I’m changing jobs. This week the new person arrived who will take my place. She’s wonderful. I’m the one that chose her. But, alas, those reasonable facts did not save me from my baby ego. I was caught off guard by, yes, feelings. Yeah, hum along, “feeeelings, whoa, whoa, whoa feeeelings…”
All of a sudden I was feeling bad because of the comparisons I was making: the staff like her better, volunteers too and she’s smarter, nicer, knows a lot more, even prettier. (Hey, these are Junior High emotions so why not?)
But that’s not the worst of it. Yeah, all that baby girl ego, but the worst of it was that I thought I was alone.

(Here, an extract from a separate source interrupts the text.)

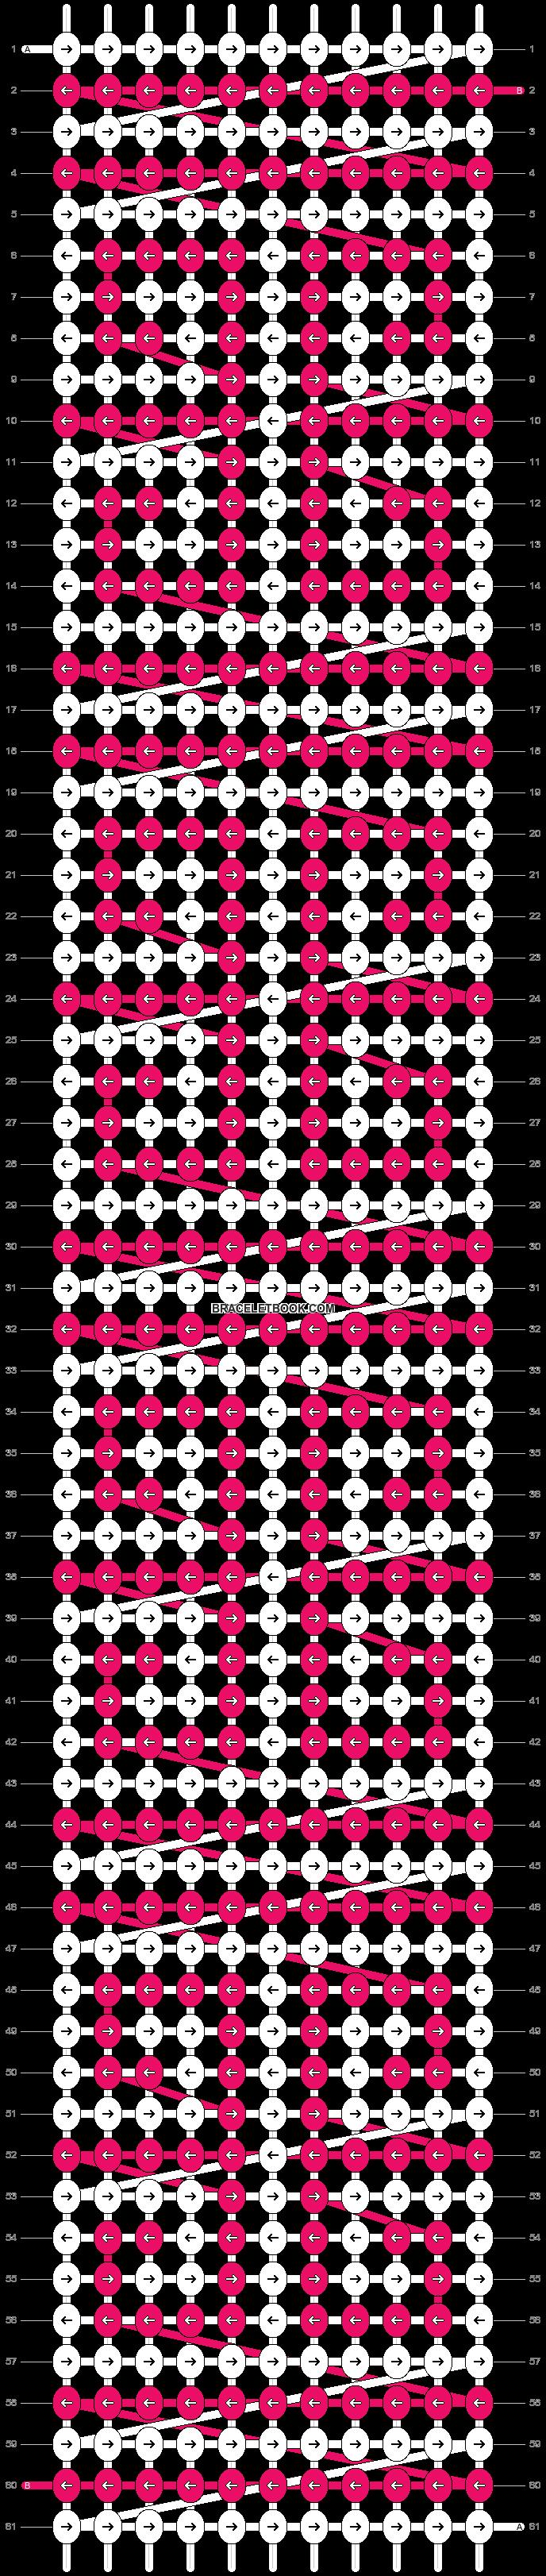 Alpha pattern #20945 variation #9683 pattern

I thought that having these feelings was some weak part of me, some unsober part of me, some “What a failure in recovery” part of me.

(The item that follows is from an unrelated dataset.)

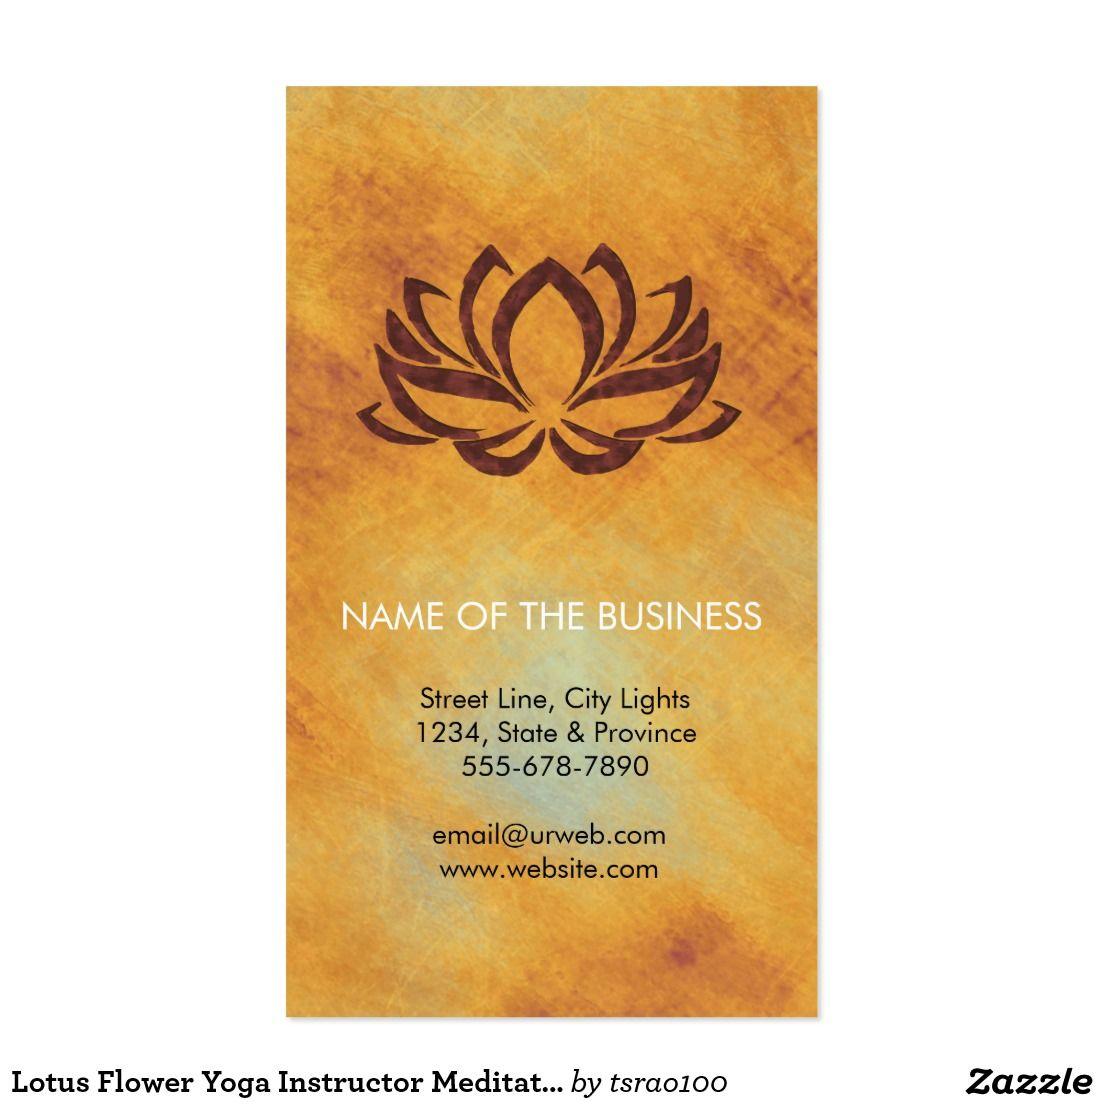 Lotus Flower Yoga Instructor Meditation Holistic Business Card ...

So I began to, sort of, kind of, tell people what I was feeling and people I spoke to all said, “Oh yeah, of course, I totally get it”. And then they told me stories about their job change and all very similar feelings that they had. These were people in recovery and people NOT in recovery. Men, women, managers, teachers, CEO’s.
So it’s not the feelings; it’s the shame about the feelings. The worst of this was not that I felt sad and insecure and displaced but that I felt so much shame for having those feelings! It was the shame that was my undoing.
This is, I think, why it’s so important to tell someone—some safe person—what is going on in our heads. Because it turns out that human beings—very healthy human beings --have all of these feelings. But I am still learning that.